Parece
que não lhe pesa a idade e isso, para além de especial, é um tremendo conforto
e uma dádiva que não consigo imaginar. Não sou capaz de pensar no meu corpo
envolvido por essa pele. É esta um tanto da imagem da minha avó materna, ainda
hoje matriarca da minha família. O pêndulo que não dispensamos, a imagem que
não desvalorizamos, a presença que não descuramos. A minha avó é forte no
trato, bem como, na rigidez com que leva a postura. Desmonta-se noutros
afectos. Na facilidade com que encara o outro e as suas diferenças. Admiro-a
por tanto, um pouco mais por isso. Porque a idade nunca lhe roubou a sabedoria
de entender. De conhecer e aprender. De encarar e aceitar. De sossegar,
processar e, sem falsos panos, deixar ficar. Lembro-me das conversas rápidas,
de outras demoradas. Ela sentada na cadeira principal, à cabeceira da mesa,
onde era, vezes repetidas, mais ouvinte do que outra coisa. Palreávamos sem
fim. À sua volta e com a sua permissão. À parte dessa rigidez, deixava fugir um
sorriso. Hoje já se permite rir. Falamos de amores que morrem, de corações que
amam o mesmo sexo, de filhos que escolhem outros caminhos profissionais, de
pessoas cuja cor é um tom e nada mais, da importância do sexo, do prazer. Do
mundo que segue às avessas. Das escolhas que, no fundo, queremos livres. Para
mulheres e homens. A minha avó materna já viveu imenso. Do sofrimento à euforia.
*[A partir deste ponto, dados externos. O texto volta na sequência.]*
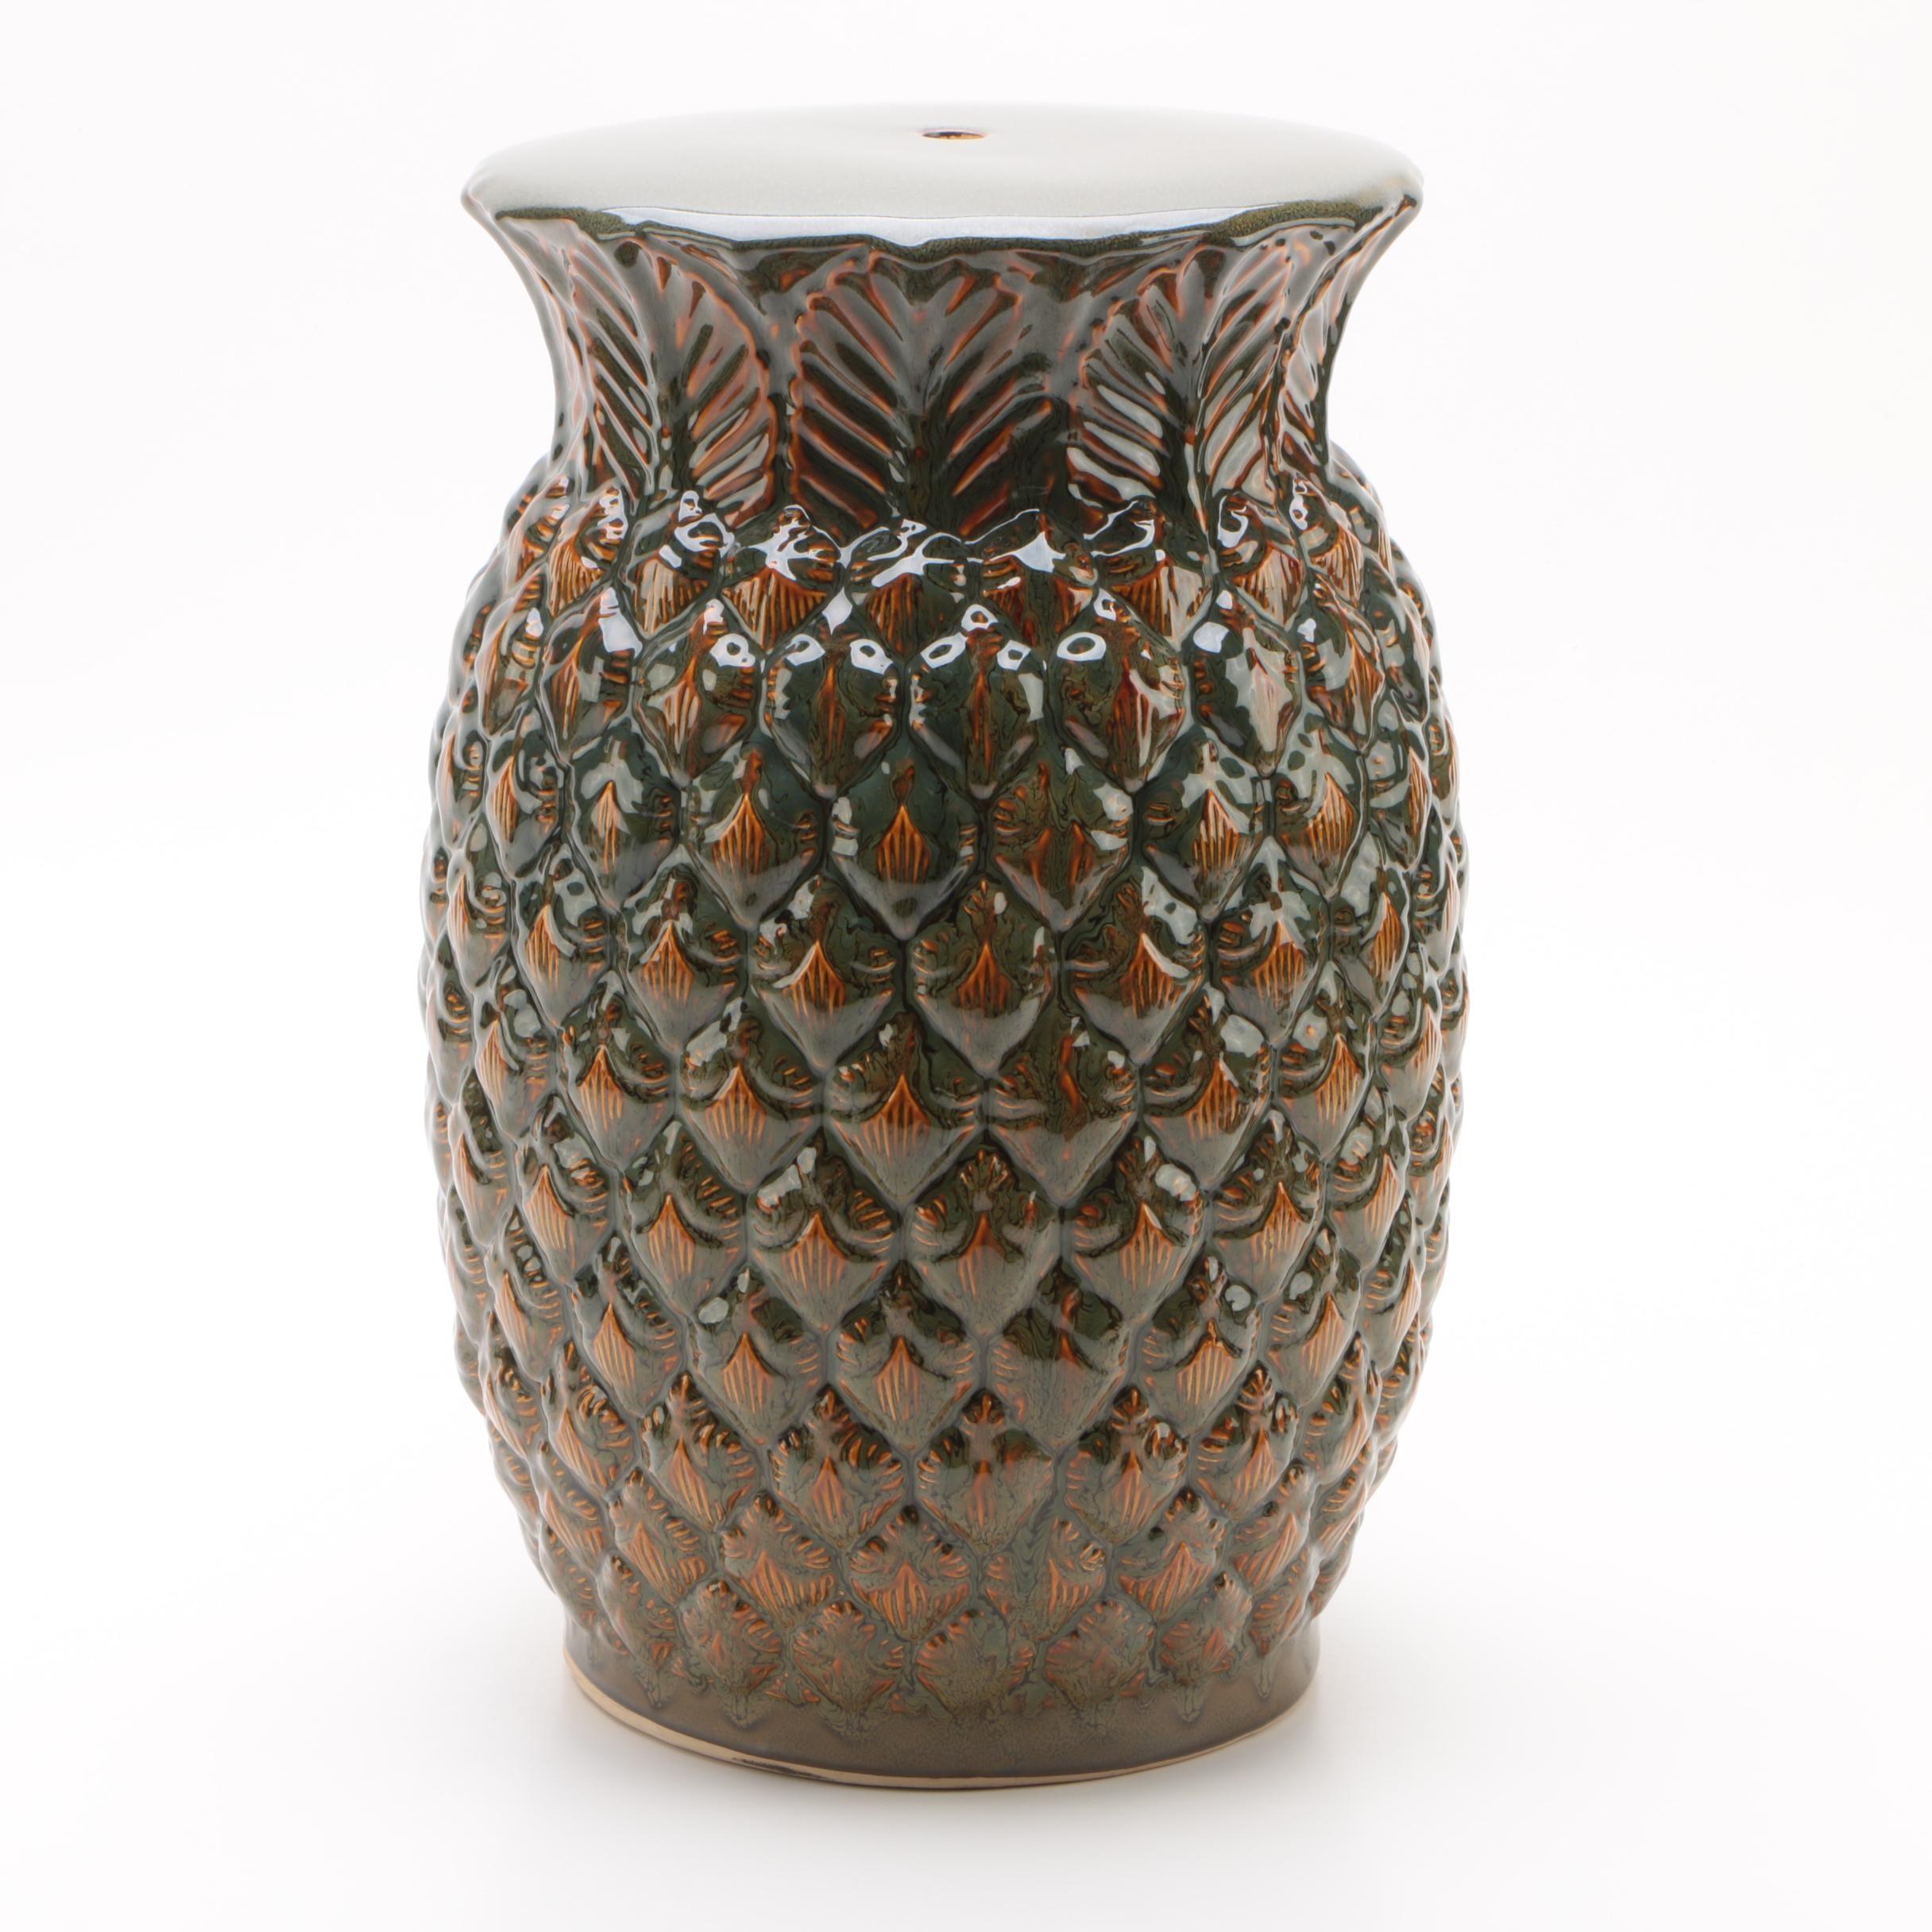 Large Ceramic Pineapple Garden Stool

Comprou alguns momentos de luta, livrou-se de outros. Viveu o que eu sou
incapaz de sonhar. E, curiosamente, é hoje uma mulher ainda afoita, sagaz,
intuitiva, livre nos seus pensamentos. Um pouco mais moldada nas atitudes.
Ouvir da boca da minha avó discursos cheios de sabedoria e noção de humanidade –
capazes de deixar envergonhados quaisquer indivíduos com a minha idade ou menos
– é um privilégio. Hei-de guardá-lo para sempre. O vinte e cinco de Abril de
1974 é um povo. É também, se me permitem, a minha avó. E não posso negar, soube
trazer o propósito até aos dias de hoje. Avó, a linda dos meus dias. Tenho a
sorte de comemorá-la todos os anos, todos os dias. Liberdade é ter tacto. Ouvir
o outro e dar-lhe corda. Viver sem recorrer ao mimetismo social. Mesmo que não
se repita, mesmo que nos soe impossível.